I suspect some mutation of the `Query` object is going on during SQL
compilation, but by efforts to narrow down the mutation have been
unsuccessful so far.

--
Ticket URL: <https://code.djangoproject.com/ticket/34091>
Django <https://code.djangoproject.com/>
The Web framework for perfectionists with deadlines.

Django

unread,
Oct 13, 2022, 10:51:19 AM10/13/22
to django-...@googlegroups.com
#34091: Invalid SQL: FROM clauses can be omitted when QuerySet is accessed from
multiple threads
-------------------------------------+-------------------------------------
Reporter: Marti Raudsepp | Owner: nobody
Type: Bug | Status: new
Component: Database layer | Version: 4.1
(models, ORM) |
Severity: Normal | Resolution:
Keywords: race-condition, | Triage Stage:
orm, threading, SQLCompiler | Unreviewed
Has patch: 0 | Needs documentation: 0

Needs tests: 0 | Patch needs improvement: 0
Easy pickings: 0 | UI/UX: 0
-------------------------------------+-------------------------------------

Comment (by Simon Charette):

> The access from multiple threads was unintentional, but I believe this
deserves to be fixed in Django anyway

Thank you for your report and investigation but I disagree with your
conclusion.

Django doesn't provide any thread safety guarantees for ORM objects (model
instances, querysets) and it's your responsibility to ensure that copies
of these objects are used in threads instead of sharing them.

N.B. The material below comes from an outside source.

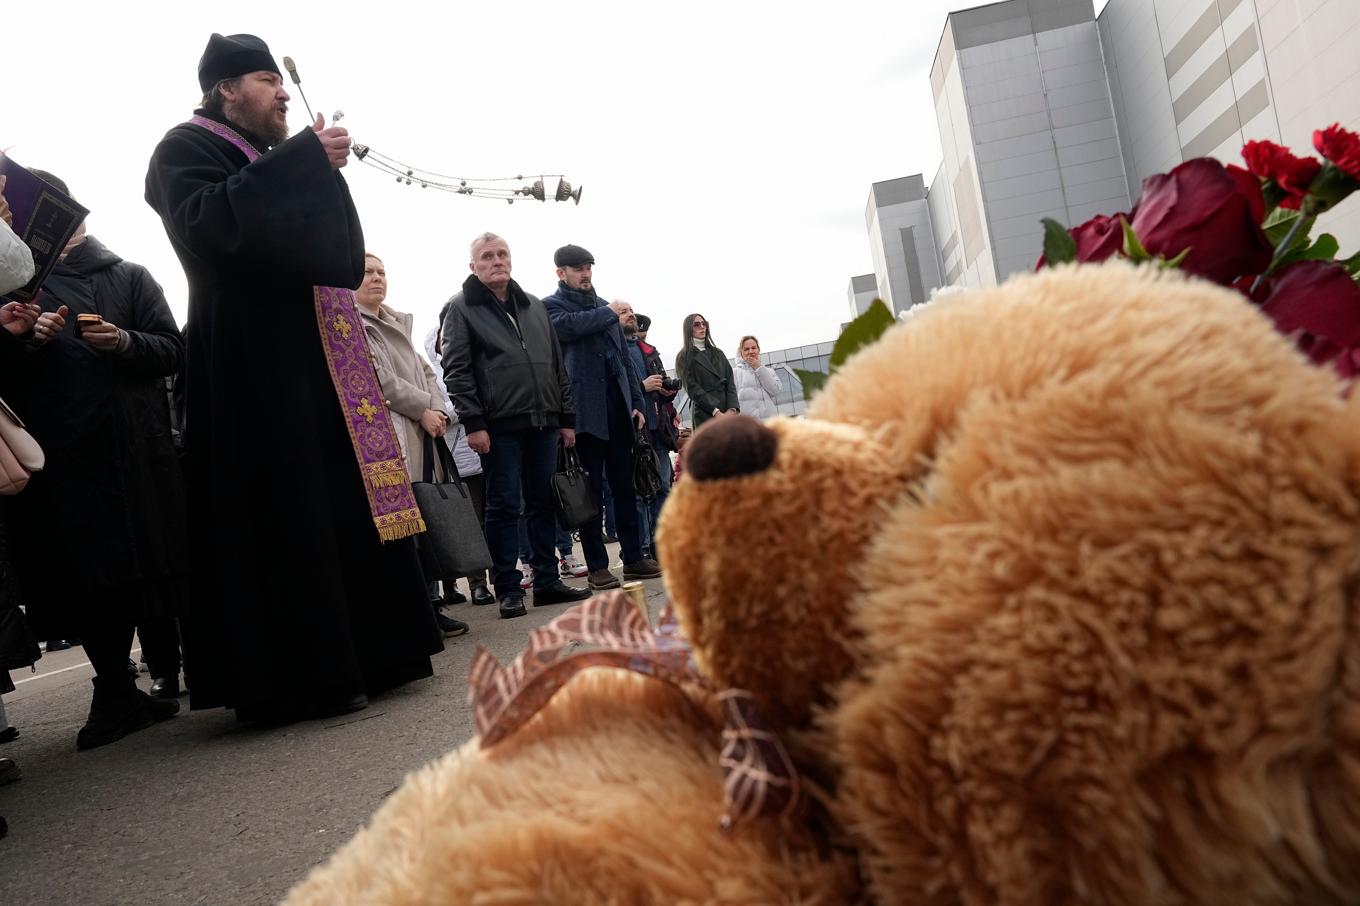 En ortodox präst höll en minnesstund utanför konserthallen i utkanten av Moskva, där terrordådet ägde rum i fredags. Arkivbild. Foto: Alexander Zemlianichenko/AP/TT
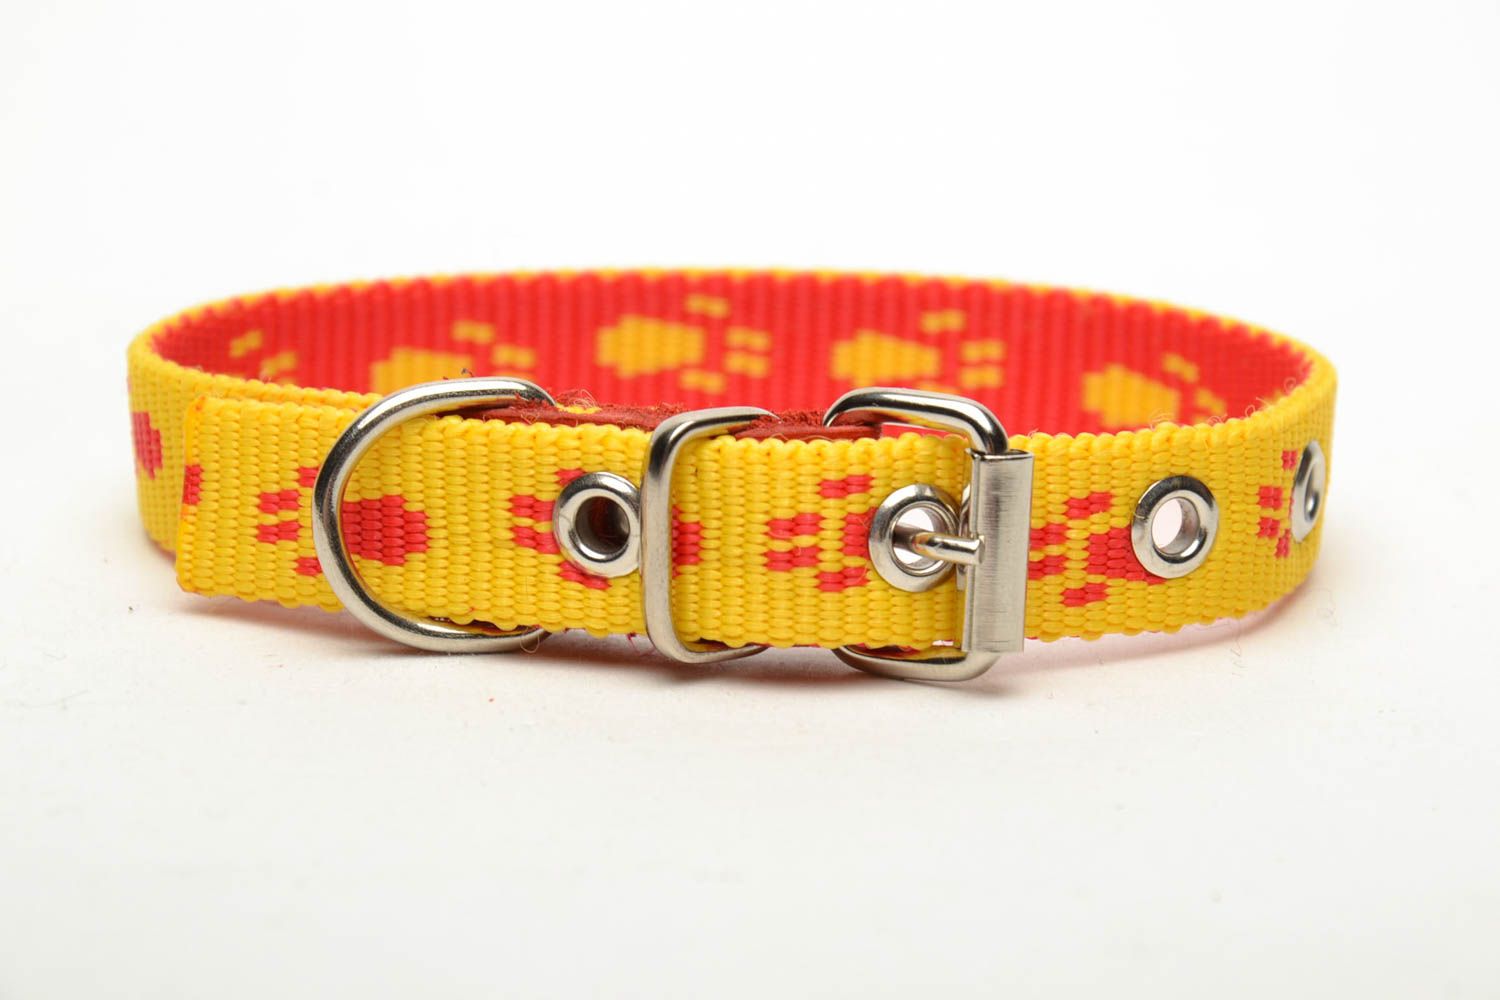 Textil Halsband für Hund in Gelb foto 2

That's the
reason why thread safe built-in abstractions that interact with the ORM
and share references to objects (e.g. generic model views) make sure
[https://github.com/django/django/blob/da2621c3dfef934000c479750e0276d992025542/django/views/generic/list.py#L32
they create copies of the references before manipulating them].

Even if we were to have the compiler make
[https://github.com/django/django/blob/da2621c3dfef934000c479750e0276d992025542/django/db/models/sql/compiler.py#L709-L926
a copy of its query before altering its alias counts] and
[https://github.com/django/django/blob/da2621c3dfef934000c479750e0276d992025542/django/db/models/sql/compiler.py#L924-L926
then setting it back] it's likely only one of the locations that make
query compilation non-thread safe.

We can't accept this ticket without committing to making the ORM entirely
thread-safe with the performance and complexity penalties it incurs. If
you disagree with my conclusion feel free to open a thread on
[https://docs.djangoproject.com/en/4.1/internals/mailing-lists/#django-
developers the developers mailing list] to discuss the subject further.

--
Ticket URL: <https://code.djangoproject.com/ticket/34091#comment:1>

Django

unread,
Oct 13, 2022, 10:51:25 AM10/13/22
to django-...@googlegroups.com
#34091: Invalid SQL: FROM clauses can be omitted when QuerySet is accessed from
multiple threads
-------------------------------------+-------------------------------------
Reporter: Marti Raudsepp | Owner: nobody
Type: Bug | Status: closed

Component: Database layer | Version: 4.1
(models, ORM) |
Severity: Normal | Resolution: wontfix

Keywords: race-condition, | Triage Stage:
orm, threading, SQLCompiler | Unreviewed
Has patch: 0 | Needs documentation: 0
Needs tests: 0 | Patch needs improvement: 0
Easy pickings: 0 | UI/UX: 0
-------------------------------------+-------------------------------------
Changes (by Simon Charette):

* status: new => closed
* resolution: => wontfix


--
Ticket URL: <https://code.djangoproject.com/ticket/34091#comment:2>

Django

unread,
Oct 13, 2022, 11:34:46 AM10/13/22
to django-...@googlegroups.com
#34091: Invalid SQL: FROM clauses can be omitted when QuerySet is accessed from
multiple threads
-------------------------------------+-------------------------------------
Reporter: Marti Raudsepp | Owner: nobody
Type: Bug | Status: closed
Component: Database layer | Version: 4.1
(models, ORM) |
Severity: Normal | Resolution: wontfix
Keywords: race-condition, | Triage Stage:
orm, threading, SQLCompiler | Unreviewed
Has patch: 0 | Needs documentation: 0
Needs tests: 0 | Patch needs improvement: 0
Easy pickings: 0 | UI/UX: 0
-------------------------------------+-------------------------------------

Comment (by Marti Raudsepp):

> Django doesn't provide any thread safety guarantees for ORM objects
(model instances, querysets) and it's your responsibility

Do document this! Most Django APIs seem to be thread-safe, how is a user
supposed to know, where the limits of thread (un)safety are?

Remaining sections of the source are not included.